After my last emerge -uD world on my server, I noticed my mrtg-graphs didn't update any longer.

Running run-parts --test /etc/cron.mrtg didn't return anything for me either.

When I downgraded with 'emerge =debianutils-1.16.7-r4', it worked again though.

----------

## Daath

Same problem here... I'm gonna try downgrading debianutils too...

----------

## servermonk

Downgrading debianutils worked for me as well.

----------

## FLYLM

I've got the same pb since upgrade debianutils-2.13.1-r1.   

 /bin/run-part doesn't work.     

Downgrading worked for me, i've masking the package "=sys-apps/debianutils-2.13.1-r1"

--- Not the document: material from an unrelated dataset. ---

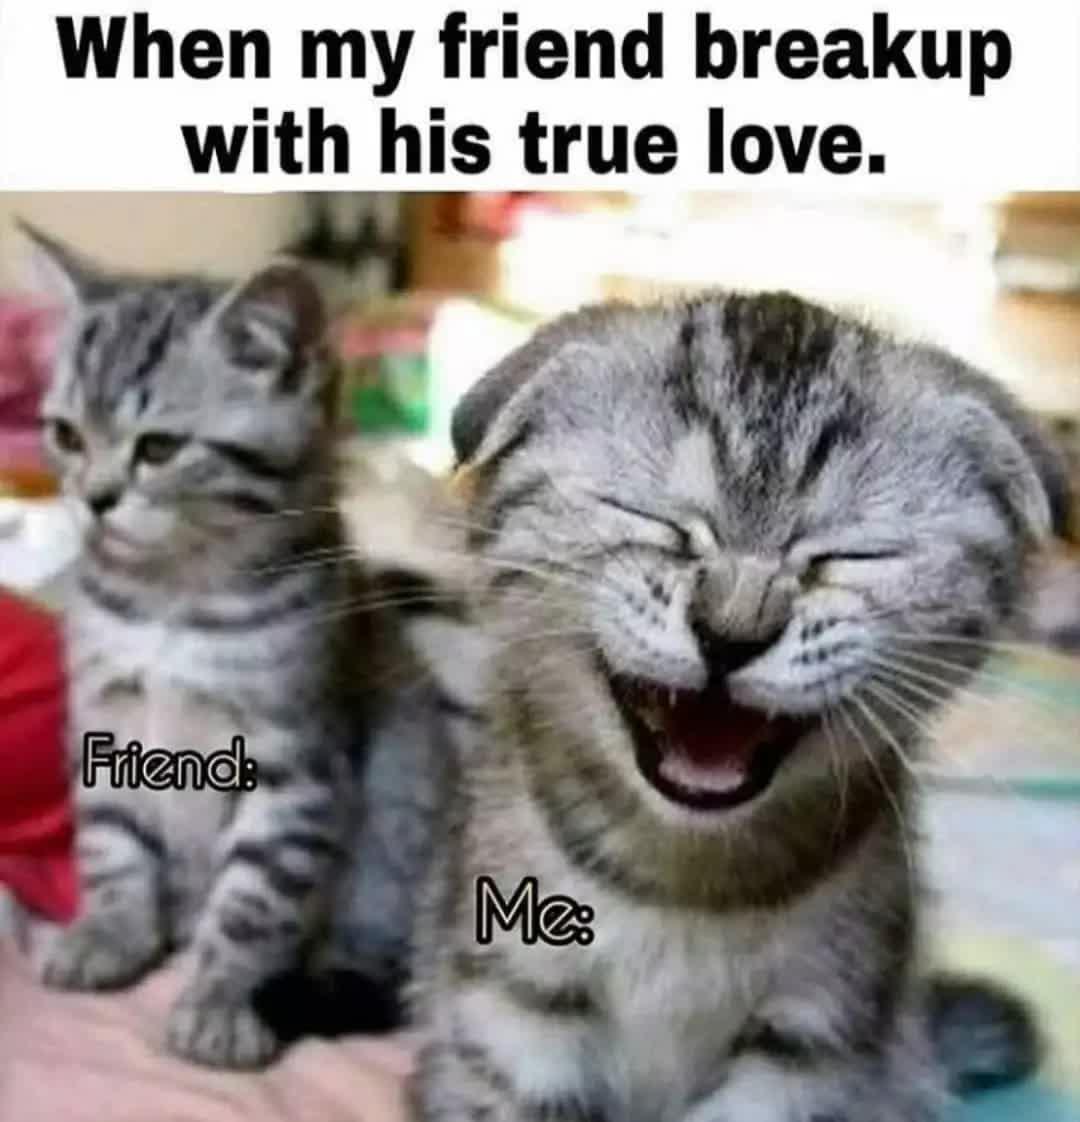 When my friend breakup with his true love. Friends Me

--- Sorry for me english ---

----------

## servermonk

I sure wish I knew WHY this was happening though. It doesn't make much sense to me. :/

----------

## junnuh

..a "me too".

Suddenly it stopped working.. :Shocked: 

----------

## amoebapr

also a me too.  I'm going to downgrade as well.

----------

## shawv

Downgrading worked for me as well-  mask in /etc/portage/package.mask and then re-emerge.

I couldn't find a bug in the gentoo bugzilla, so I opened one.  It's bug 95173.

----------

## KayJay

I've noticed it on mine too.  It appears that any script with a '.' in it will fail, as logrotate.cron also fails on mine!  Downgrading debianutils as we speak.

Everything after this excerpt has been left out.